The resize we do via CSS is nice for hiding the underlying potentially-gigantic source image issue of course.

Just in case this goes somewhere in the future / for posterity

I examined our WebView usage, and we are actually re-using the WebView. Within the same Activity (i.e., one review session in one deck - possibly a hundred or more question / answer card flips) we just call WebView.loadDataWithBaseURL over and over again

For the eventual WebView.destroy() it is only done when the Activity goes down with onDestroy(), but that mirrors the behavior that the WebView is only created as part of control flow from Activity.onCreate(). During the destroy we first call it's View parent's .removeAllView() method then we null some things in the WebView before calling .destroy() itself.

So that is actually more efficient than I thought, but if repeated loads of large images scaled to the screen could crash the WebView, that's our pattern.

https://github.com/ankidroid/Anki-Android/issues/5175#issuecomment-449147746

I'll try to re-prioritize some auto-scaling-by-default for images as they are captured, and some analytics to get data on image size.

OK that doesn't sound like you have an issue there then - I didn't look through your code in great detail so if I misparsed it that's not surprising ;)

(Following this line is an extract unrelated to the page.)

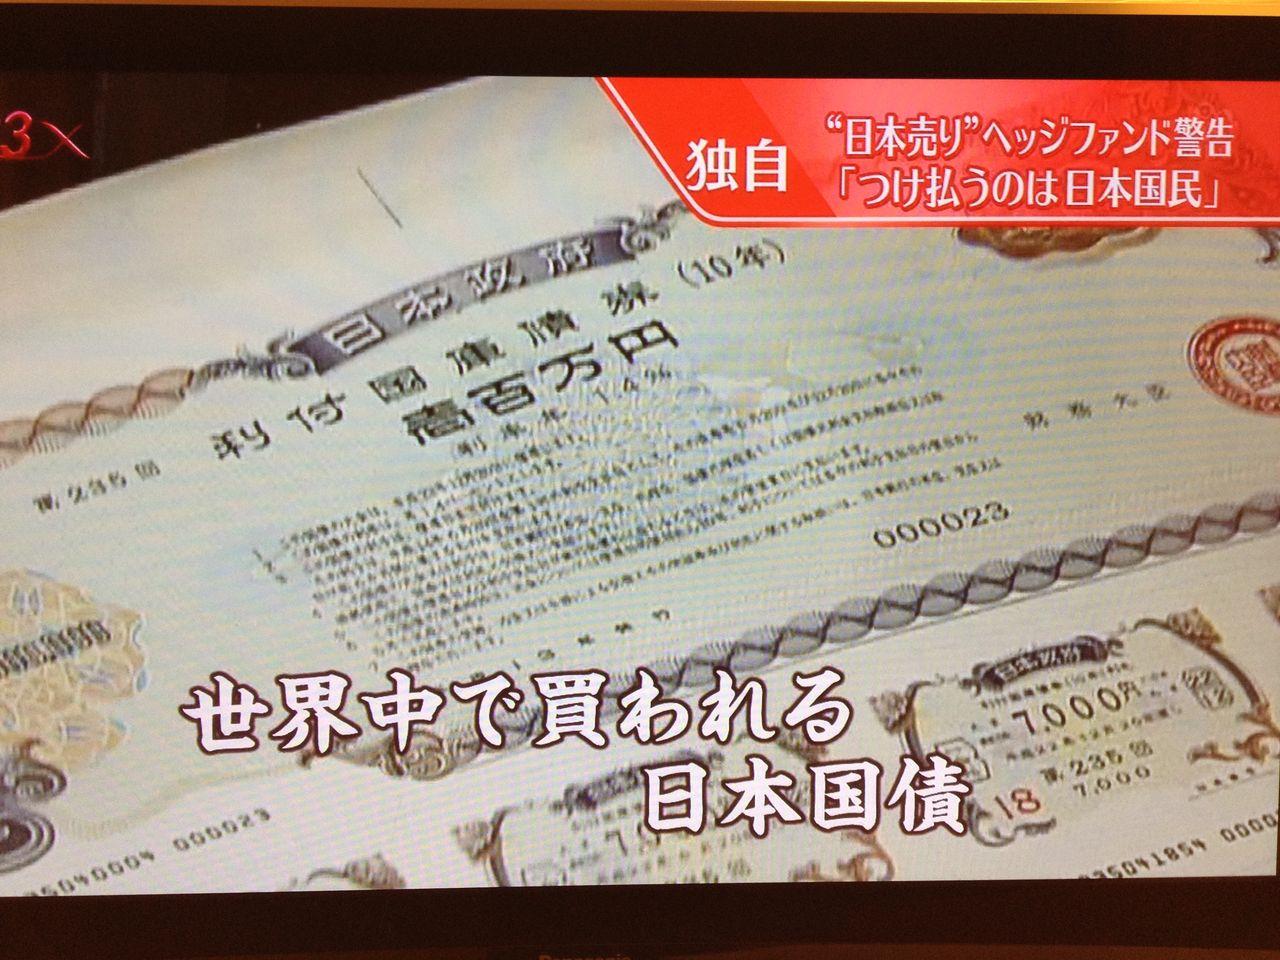 【これはヤバい】三菱UFJが国債保有の資格返還の可能性!大手銀行の国債離れで日本破綻のリスクも!

Every time you load a new card with loadDataWithBaseURL the previous page contents inside webview will get thrown away, so in theory it shouldn't matter if you show a long sequence of different images - it should only be the "worst case" for a single image there that is a problem. The repeated nature is only an issue if there's something accidentally keeping old ones around, and it doesn't sound like this is likely in your case (unless there's actually a bug in our code).

If you want to experiment a bit to see if you can reproduce this (though this may not really prove anything conclusively), you might try making a couple of decks where each one contains a large number of images that are roughly the same size, but for a few different sizes (i.e. a deck of images that are, say, 4x the screen size, another deck that are 16x the screen size, etc), and then seeing if you can provoke a crash by flipping through one of them:

1) If it happens consistently and in a reasonably small number of flips for a particular size of image, but it doesn't crash at all for smaller images even after lots of flips, then I would guess that it's "certain single images are just so big that they blow through too much memory on their own" and there's probably not a lot we can do about this other than saying "try not to use really massive images" (although.. it's not necessarily impossible to handle it more gracefully).

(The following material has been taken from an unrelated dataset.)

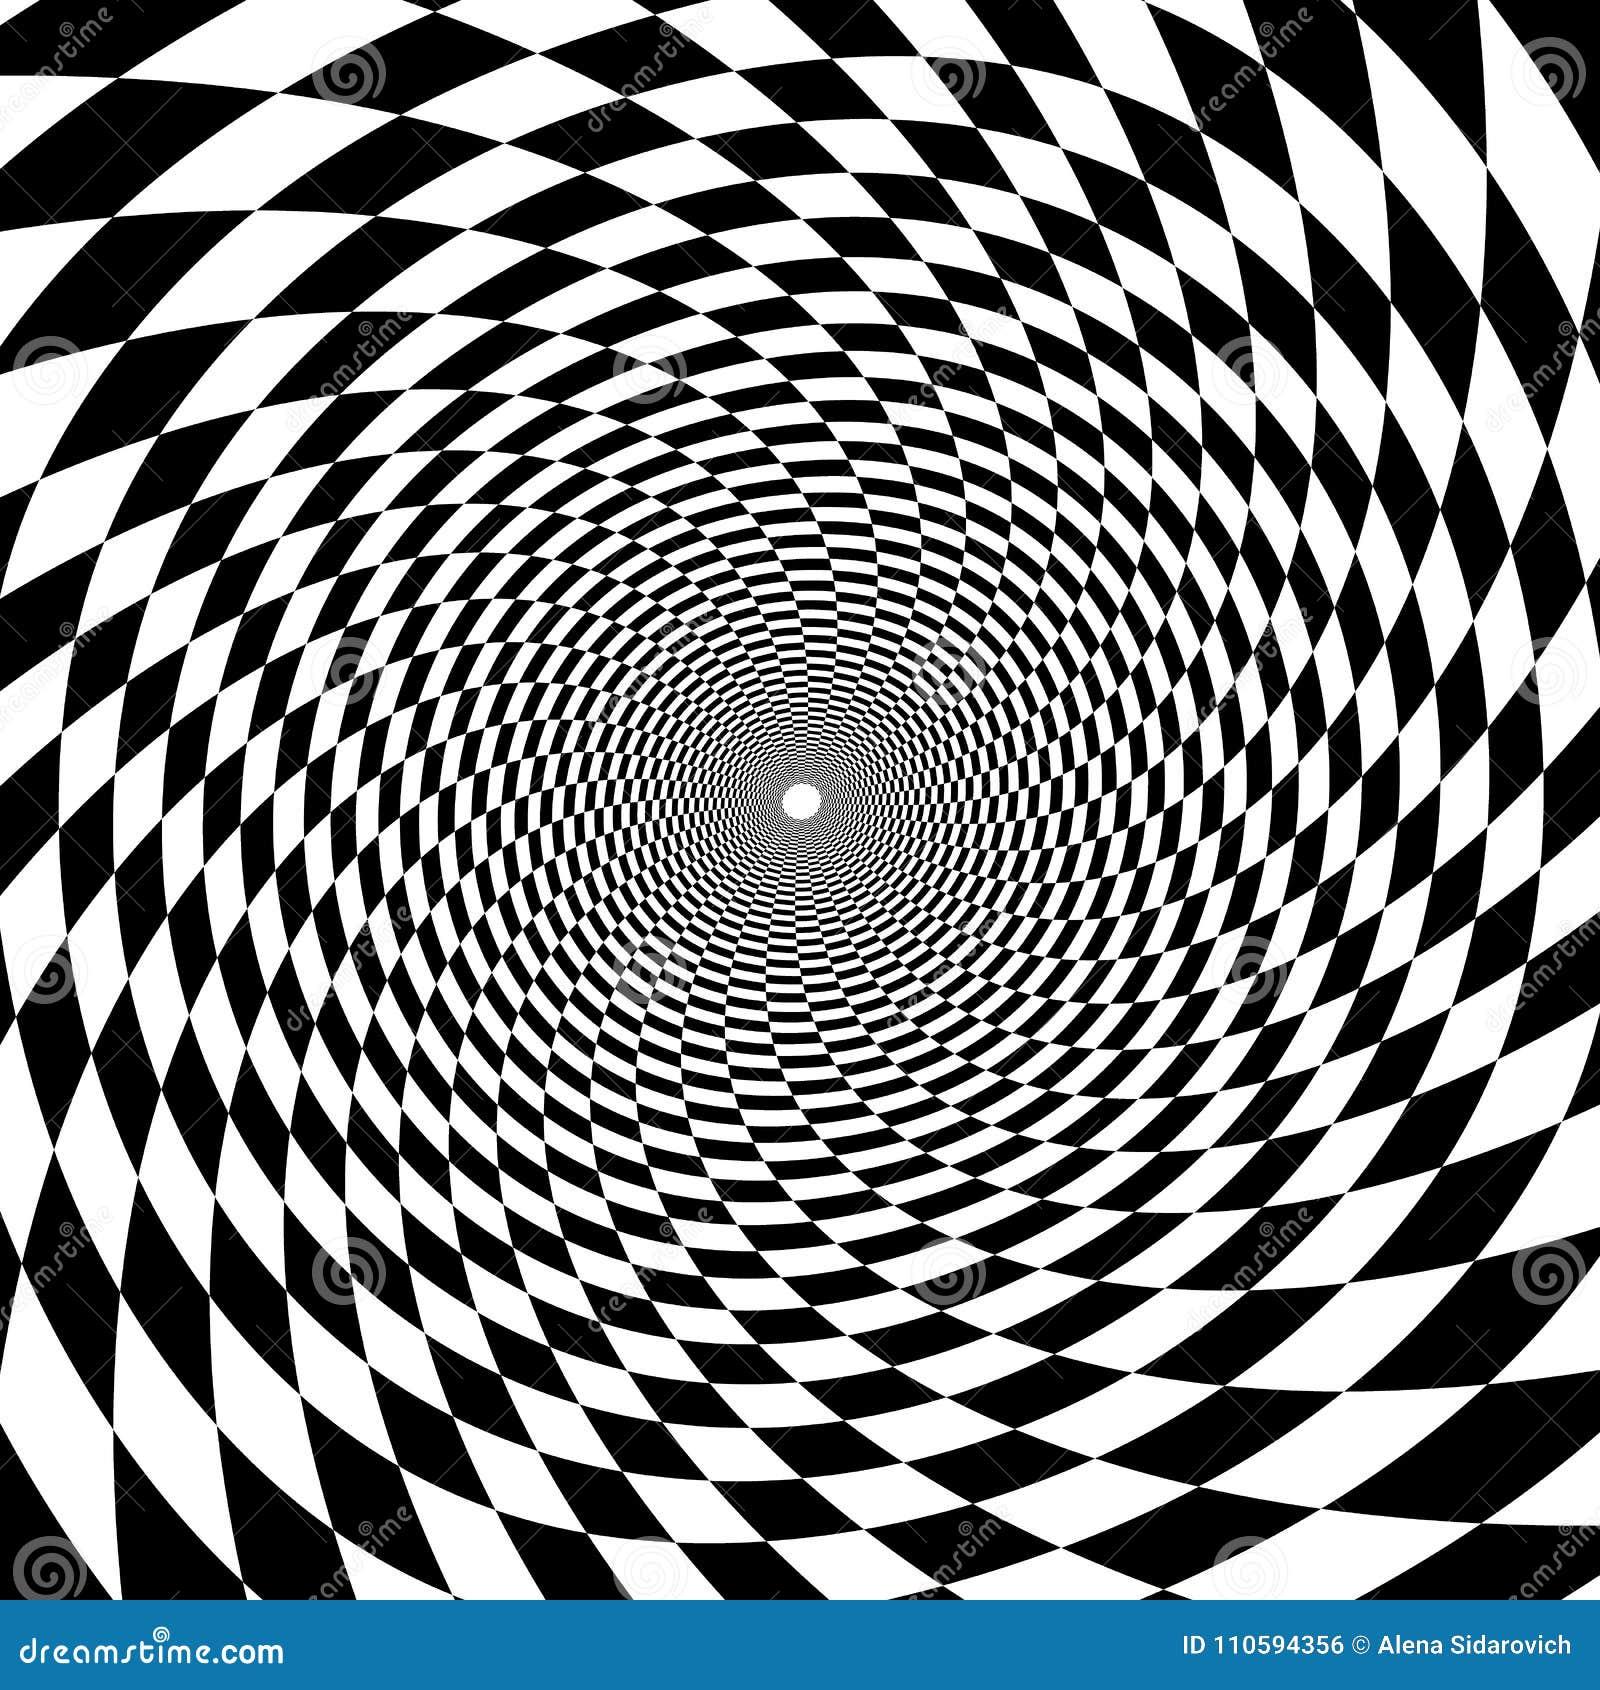 Túnel psicodélico, modelo en blanco y negro, triunfo del tablero de ajedrez

2) If you can get it to happen with several different sizes but it takes flipping through quite a lot before it happens (and especially if it happens *sooner* with bigger images than smaller ones), then it's more likely to be something that is accumulating over time, which is much more likely to be an actual bug that we could fix (or help you to fix, if it's something in your app that we've overlooked in this discussion so far).

In either case, if you do actually take the time to do this and you *can* get it to crash at all, give us a repro case and we can double check exactly what happens.

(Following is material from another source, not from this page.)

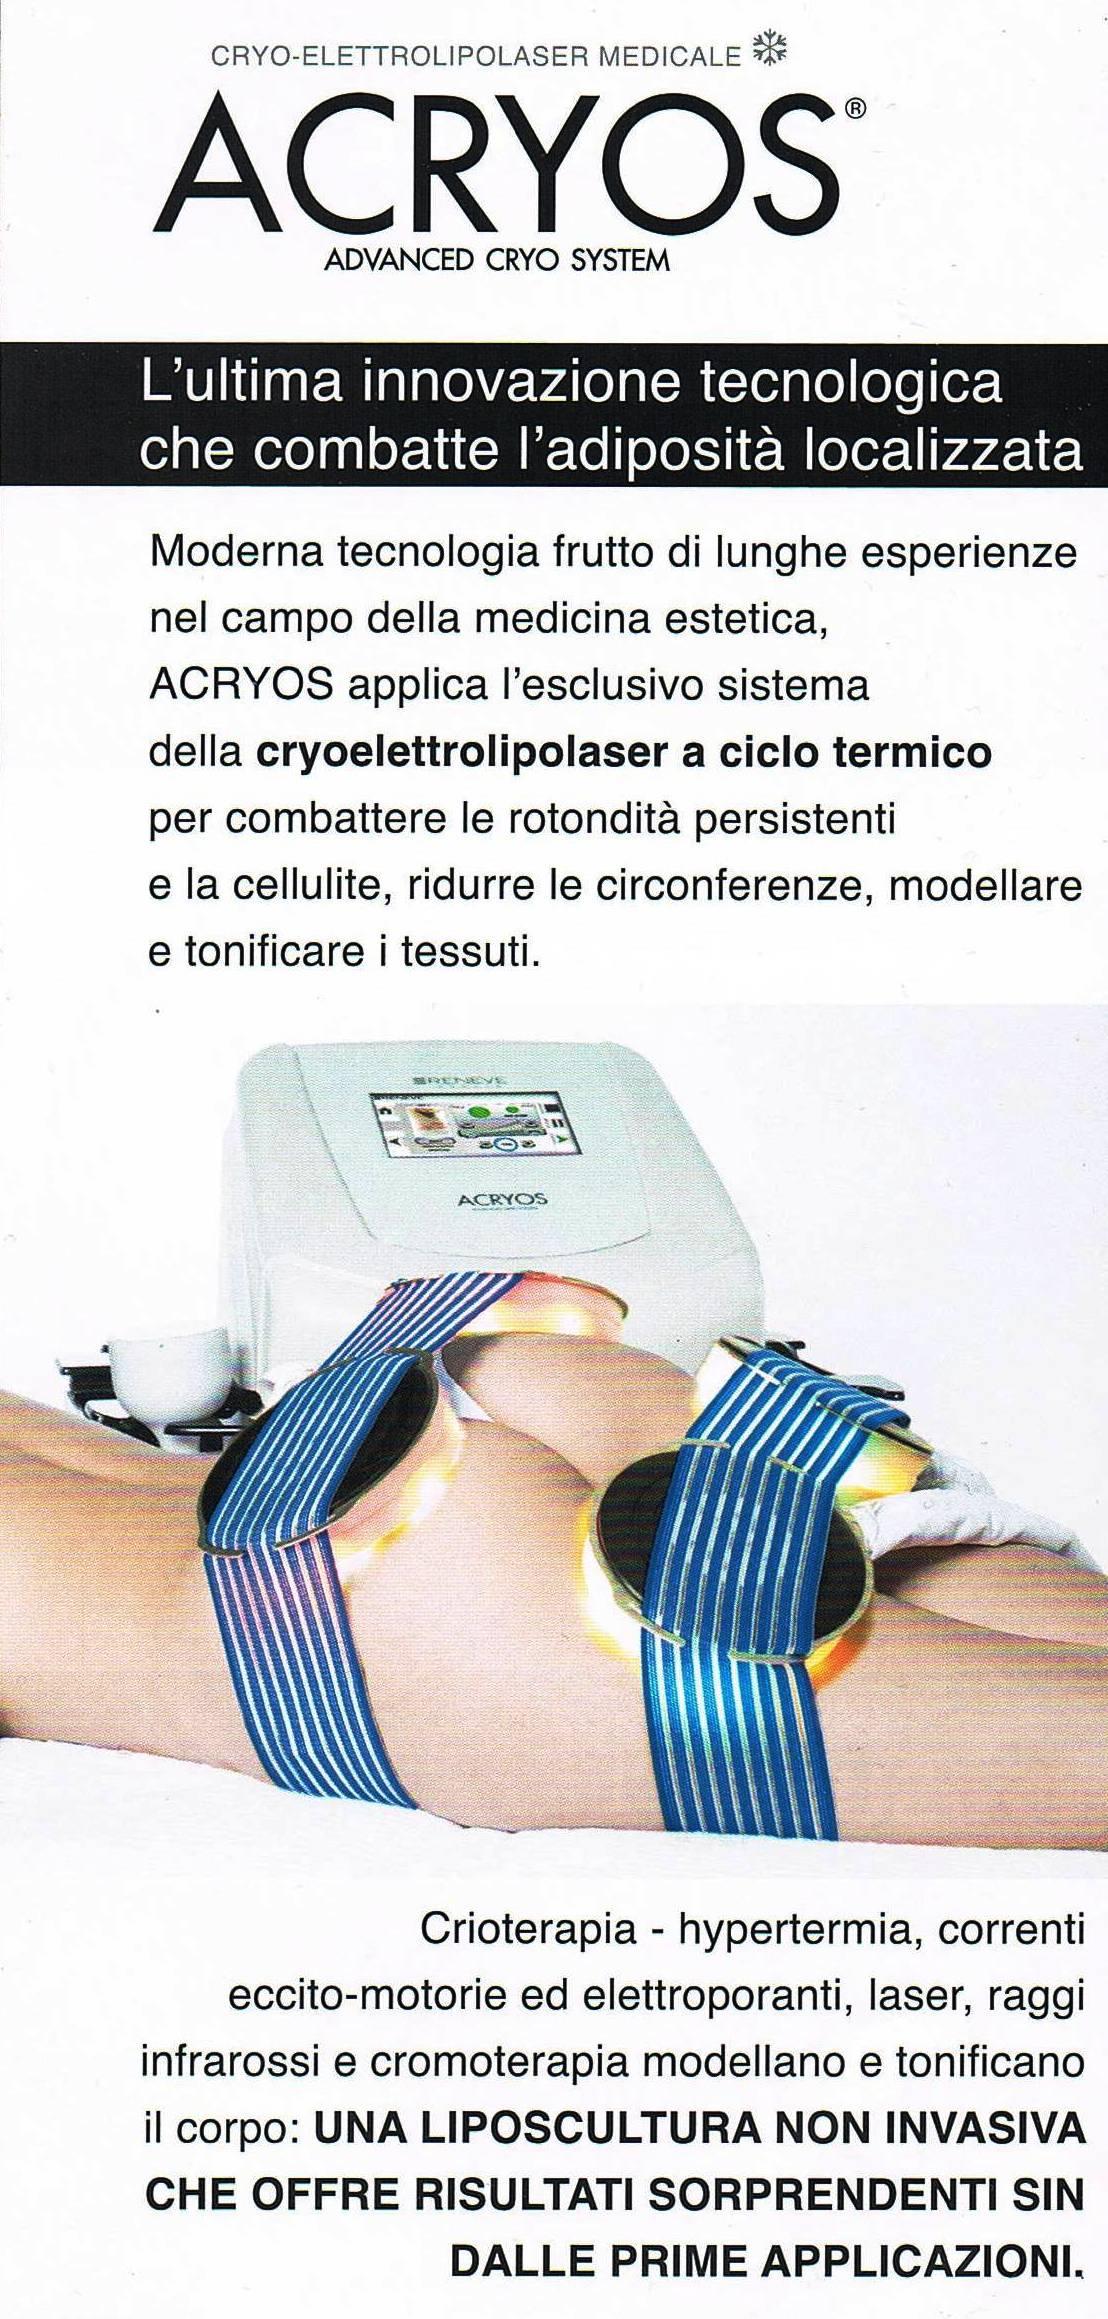 Dott.ssa - BigozziStudi Medici - Fratellanza Popolare Peretola Firenze

Thanks for being willing to discuss this - it's really helpful when we get a chance to investigate a problem with a developer, even if we can't ultimately come to a good resolution, because it gives us an idea of the kinds of problems developers actually run into in the wild and may give us ideas for future improvements. I'm going to close this bug out for now as it's not clear that we can do much more for you, but if you do find something, feel free to comment here and I can reopen it (I've added myself to the cc list).

I agree there's nothing that seems actionable here so closing is the right course. The discussion was very productive for me at least - I've got some ideas in mind that should help our users going forward, and it was useful to audit that area of our code. If I can get a repro I'll definitely chime in again. Thanks for taking the time.